[RECORDS TO USE]:
☆ ☆ ☆ ☆
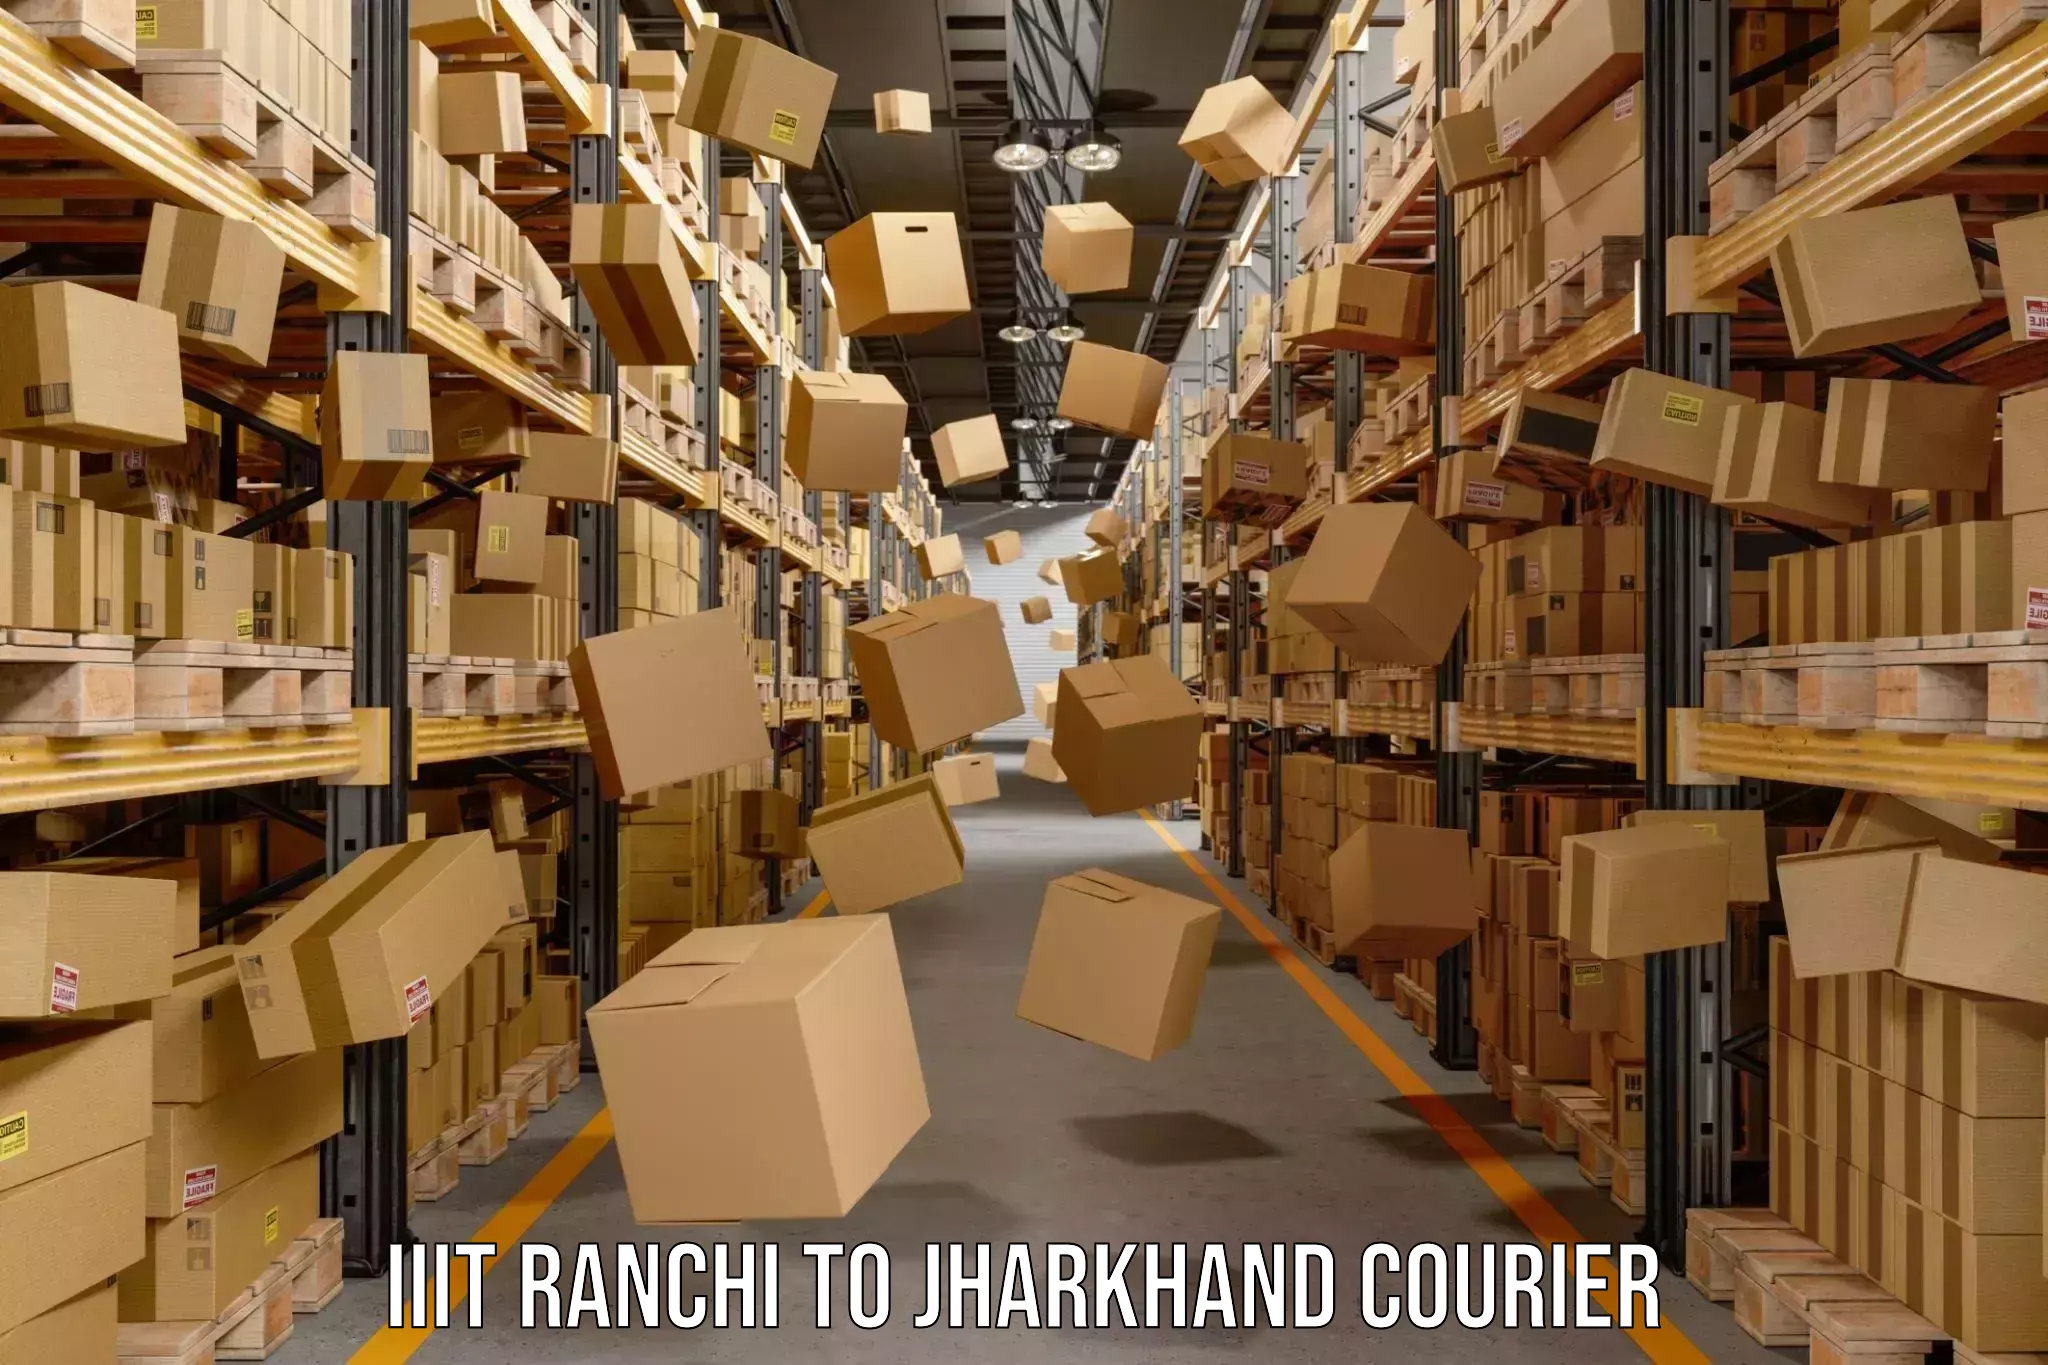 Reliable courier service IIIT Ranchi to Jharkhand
☆ ☆ ☆ ☆
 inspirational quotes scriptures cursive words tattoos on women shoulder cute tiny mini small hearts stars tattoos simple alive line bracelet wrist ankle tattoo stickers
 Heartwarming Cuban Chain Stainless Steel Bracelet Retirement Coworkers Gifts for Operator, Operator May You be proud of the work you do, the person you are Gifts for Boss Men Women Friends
☆ ☆ ☆ ☆
[WHAT TO DO]:
Return only the stretch of the material above from the line holding "inspirational quotes scriptures" through the line holding "Heartwarming Cuban Chain", copied exactly.

[RESULT OF THE TASK]:
 inspirational quotes scriptures cursive words tattoos on women shoulder cute tiny mini small hearts stars tattoos simple alive line bracelet wrist ankle tattoo stickers
 Heartwarming Cuban Chain Stainless Steel Bracelet Retirement Coworkers Gifts for Operator, Operator May You be proud of the work you do, the person you are Gifts for Boss Men Women Friends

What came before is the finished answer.